INSTRUCTIONS FOR THE TASK: Excluding pictures, transcribe precisely the lines from the one containing "Rockville 3U Rack" to the final line of the listing below, inclusive, and nothing more.

___ MATERIAL PROVIDED

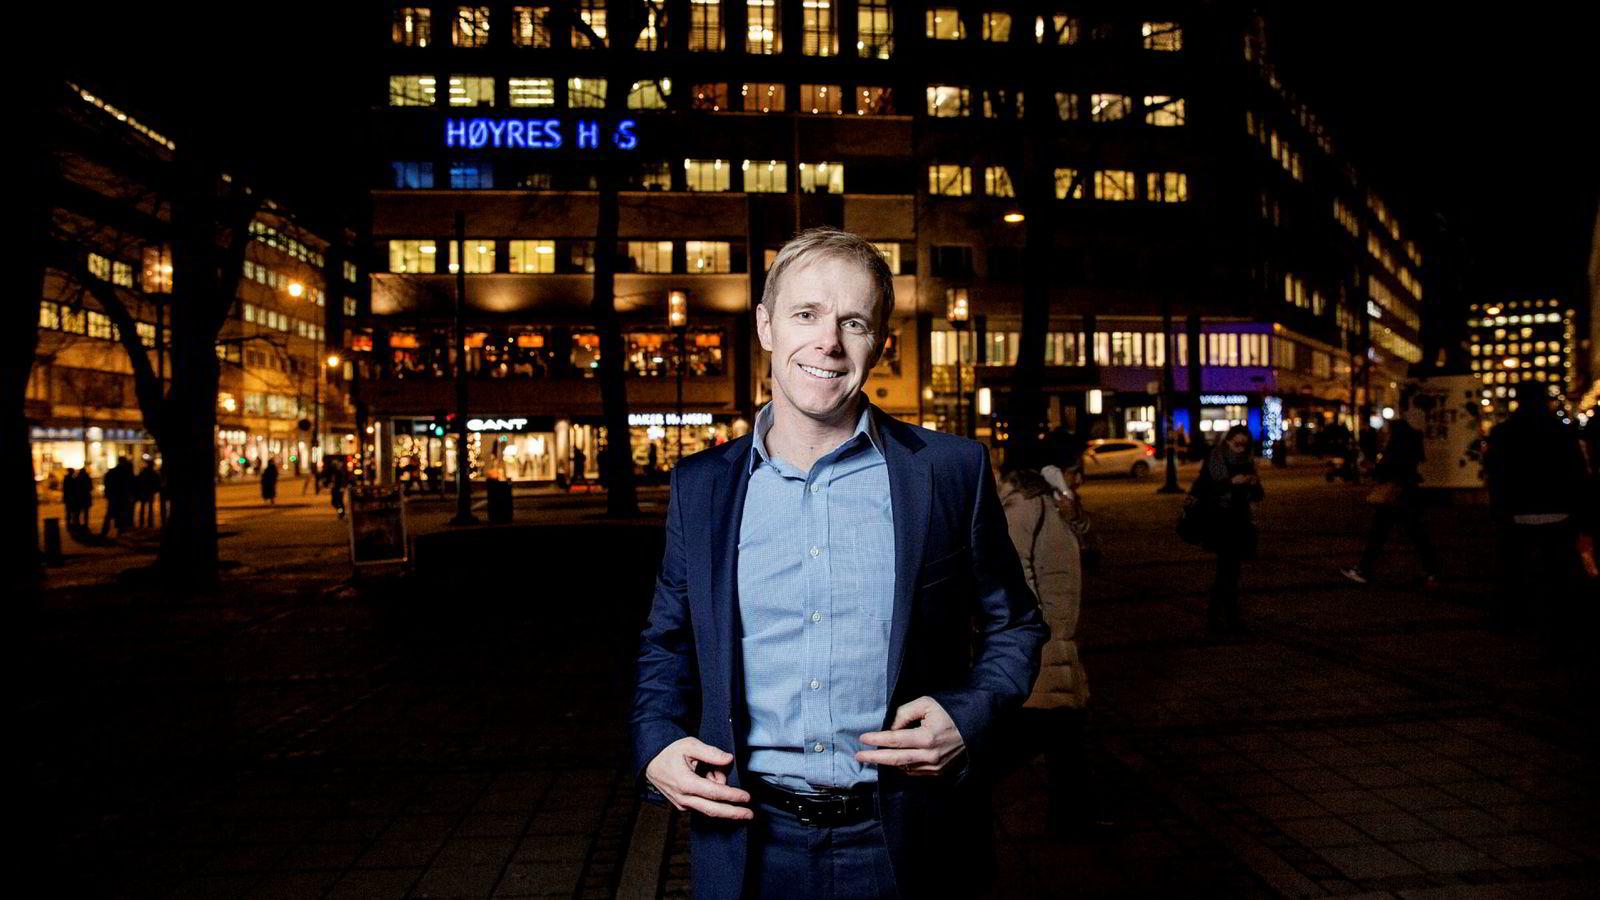 Telenors oppkjøp fremstår ikke som verdiskapende for aksjonærene, sier porteføljeforvalter Lars Odin Mellemseter. Bildet er tatt i 2015.
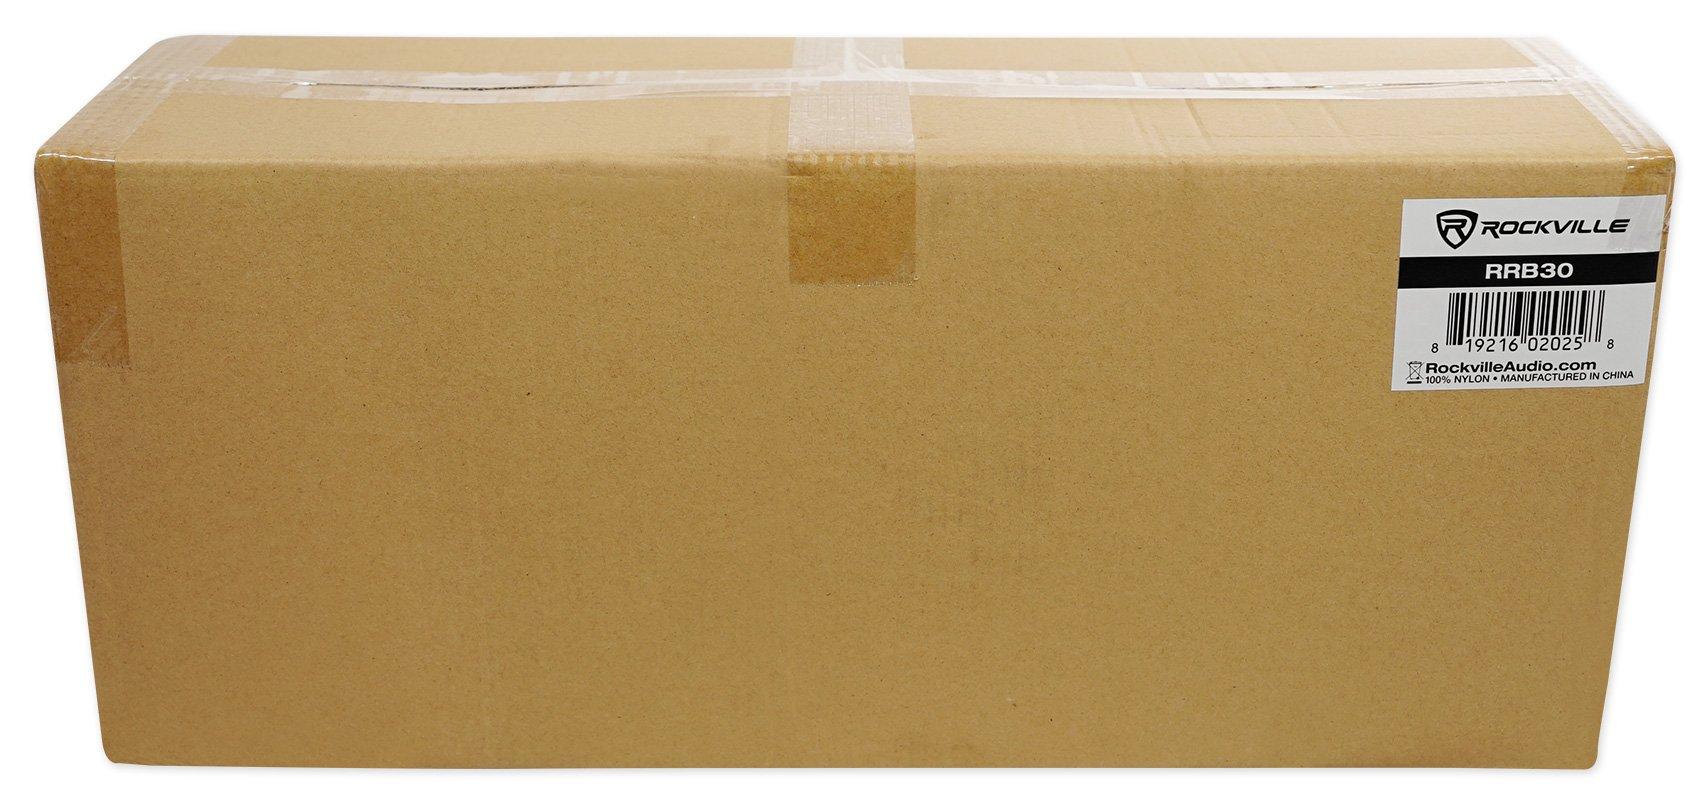 Rockville 3U Rack Bag Double-Sided Case with 12'' Depth + Shoulder Strap (RRB30) by Rockville (Image #6)
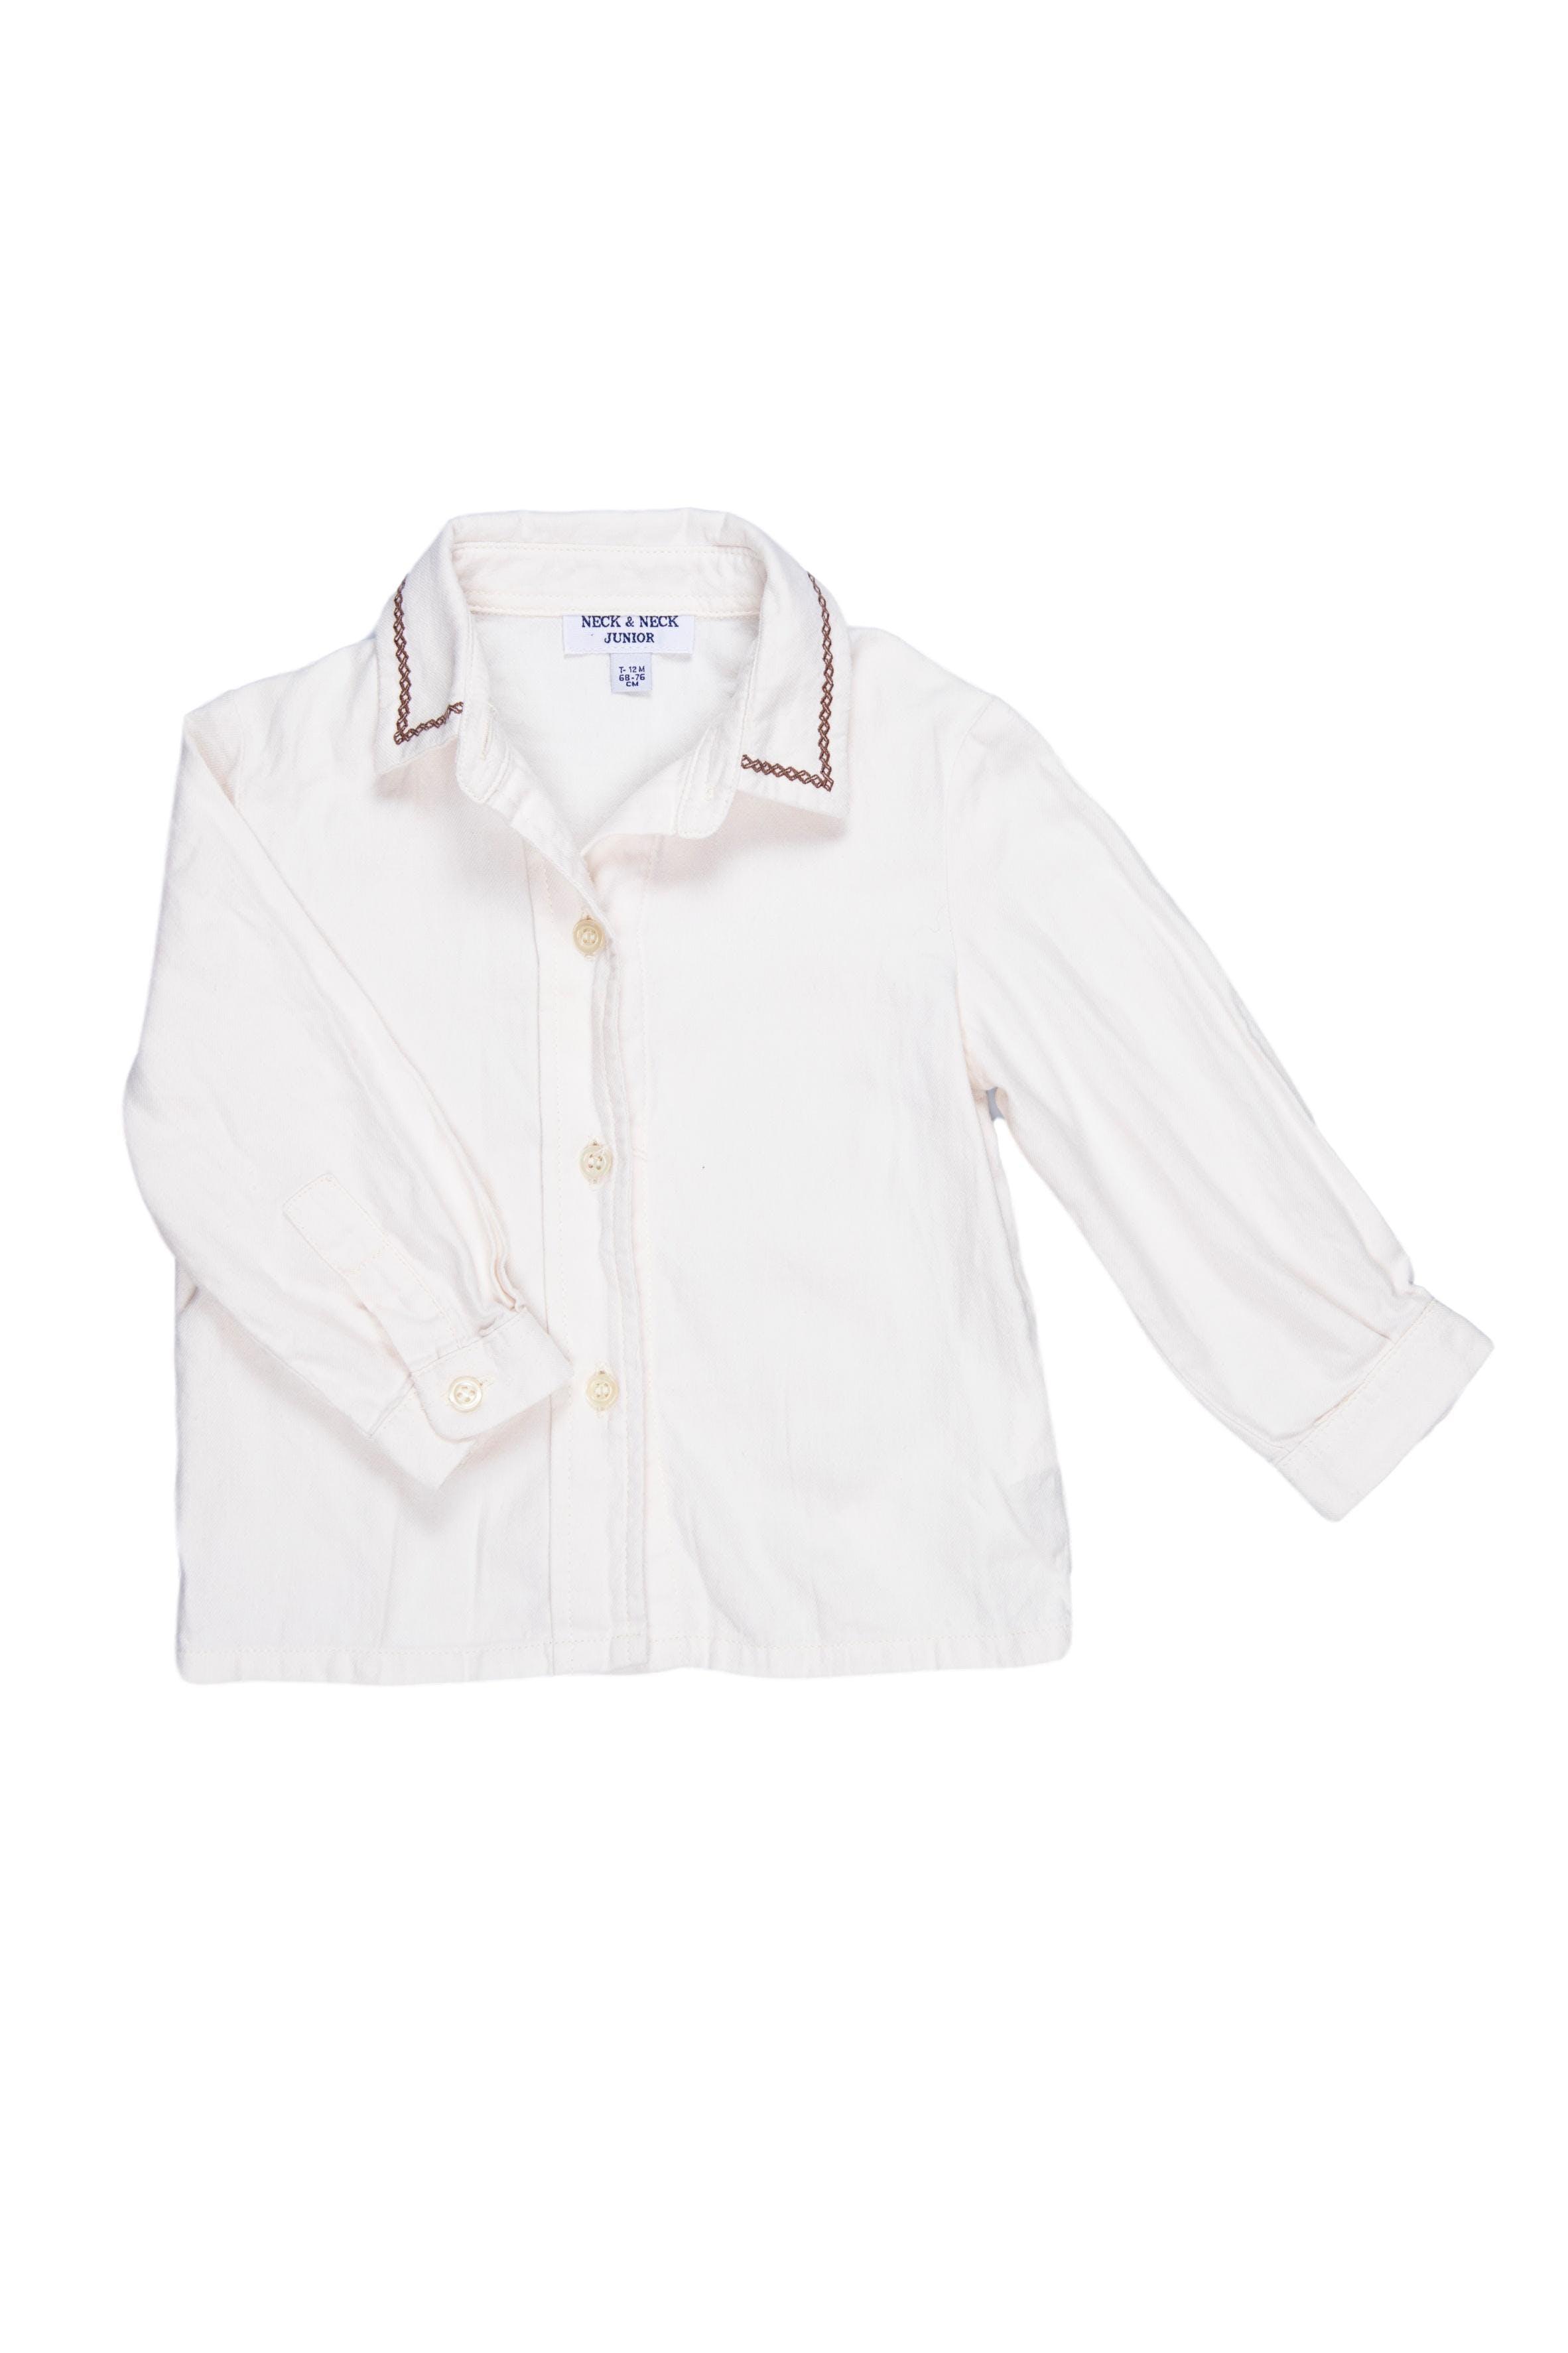 Camisa crema con cuello bordado marrón 100% algodón, muy suavecita - Neck & Neck

______

ANSWER SECTION:
 Rockville 3U Rack Bag Double-Sided Case with 12'' Depth + Shoulder Strap (RRB30) by Rockville (Image #6)
 Camisa crema con cuello bordado marrón 100% algodón, muy suavecita - Neck & Neck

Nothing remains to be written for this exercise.